The Writers' War Board was the main domestic propaganda organization in the United States during World War II.  Privately organized and run, it coordinated American writers with government and quasi-government agencies that needed written work to help win the war. It was established in 1942 by author Rex Stout at the request of the United States Department of the Treasury.

Background
Due to the public skepticism of propaganda due to the heavy-handed efforts of the Committee on Public Information in the US during World War I, and the fascist regimes' propaganda machinery, the U.S. had adopted a "strategy of truth" whereby they would disseminate information but not try to influence the public directly through propaganda. However, seeing the value and need of propaganda, ways were found to circumvent official policy.

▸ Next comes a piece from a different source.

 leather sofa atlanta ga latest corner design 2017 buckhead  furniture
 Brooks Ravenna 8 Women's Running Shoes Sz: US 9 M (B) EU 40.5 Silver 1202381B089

The Writers' War Board began its work December 9, 1941, two days after Pearl Harbor, with a speech by author Rex Stout. The civilian organization was formed at the request of Julian Street Jr., head of the writing staff for the U.S. Treasury Department. Street spoke with playwright Howard Lindsay about organizing a group of prominent writers to promote the sale of war bonds. Lindsay spoke with his writing partner, Russel Crouse, and they approached Authors League president Rex Stout, who they felt should lead the group. On January 6, 1942, Stout met with Crouse, Pearl S. Buck, Clifton Fadiman, Oscar Hammerstein II and John P. Marquand, and the Writers' War Committee was formed. The organization soon grew beyond its modest founding mission and it was renamed the Writers' War Board.

Purposes
Initially part of the Section of Volunteer Talents of the Office of Civilian Defense, the  Writers' War Board worked through the Office of War Information. Its services were available to all branches of the U.S. government and authorized non-government entities. These quasi-government agencies included the American Red Cross, American Theatre Wing, Army Emergency Relief, Canadian Broadcasting Corporation and United Service Organizations. U.S. government funds subsidized the Writers' War Board offices and clerical staff, but the organization's members were not paid and were free to act independently of government sponsorship.

Its purposes were outlined in its first annual report:

 Serve as liaison between American writers and U.S. government agencies seeking written work that will directly or indirectly help win the war; and place ideas or work submitted to the board with appropriate government agencies. Examples include fiction, articles and songs; radio material for broadcast; speeches and style manuals; scripts for troop shows; radio broadcasts and personal appearances by writers.
 Serve other accredited agencies in the same capacity.
 Initiate and administer enterprises to advance the war effort including creation of radio dramas and efforts to strengthen the embryonic United Nations.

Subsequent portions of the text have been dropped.